梅田修一朗、竹内良太らでアニメ化『青のミブロ』。土方歳三と沖田総司と出会った元孤児が新選組で戦う物語

マンガ

公開日:2024/4/5

青のミブロ
青のミブロ』(安田剛士/講談社)

 正義とは何だろうか。自分を悪だと自覚している人間は稀だ。たいていの場合、人間同士の争いは正義と正義の衝突から生まれる。双方が「正しい」と思っているからこそ、分かり合えることは少ない。

 日本の未来や国のあり方を想う者同士の戦いだった。勝てば官軍負ければ賊軍。錦の御旗の前に散っていった新選組は、長らく“悪”として語られていた。しかし太平洋戦争後に世間でのイメージが一新され、新選組は今や「義に尽くした男たち」としてさまざまな創作で題材となっている。そんな彼らをテーマにした令和の新しい作品が、2021年10月から「週刊少年マガジン」で連載されている『青のミブロ』(安田剛士/講談社)だ。

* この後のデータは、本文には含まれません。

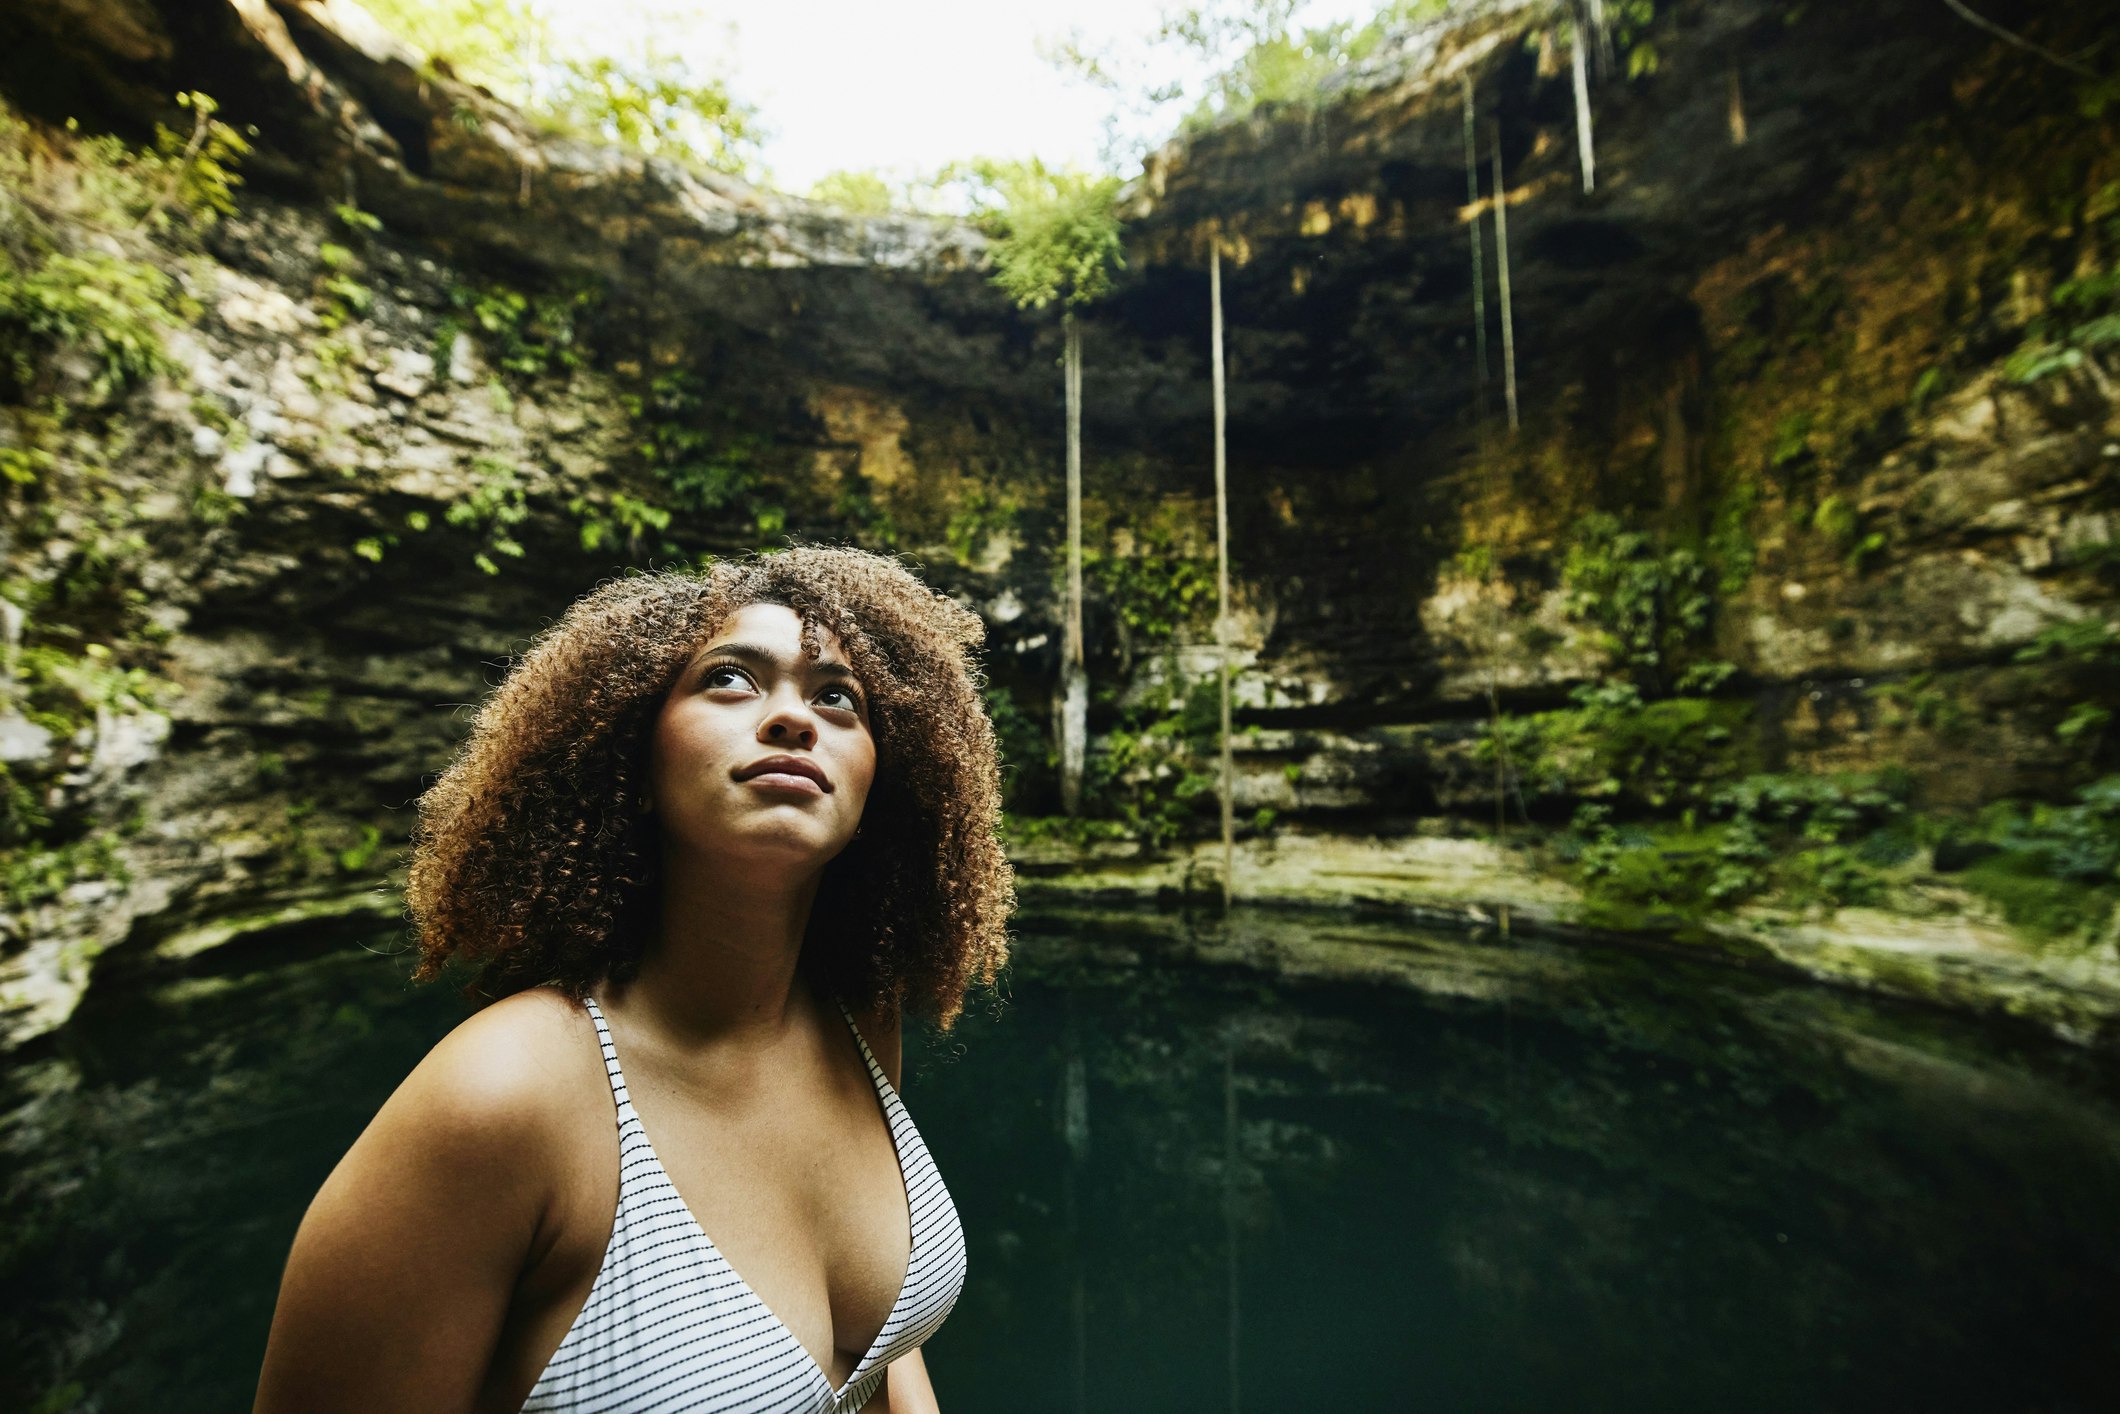 A woman standing near a subterranean swimming hole looking up at the natural walls around her

 舞台は1863(文久3)年の京都。幕末のかの地は、開国後の動乱の中にいた。団子屋で働く元孤児の「にお」は、ある日客としてやってきた土方歳三と沖田総司に出会う。とある事件に遭遇したことがきっかけで、内に秘めていた世の不条理に対する怒りが爆発したにお。不条理な世の中で犠牲になるのは、いつだっていちばん弱い子供だ。「僕だって強くなりたい」「こんな世界変えたい」彼の願いを聞いた土方は、におを“三匹目の狼”として壬生浪士組――のちの新選組に迎え入れる。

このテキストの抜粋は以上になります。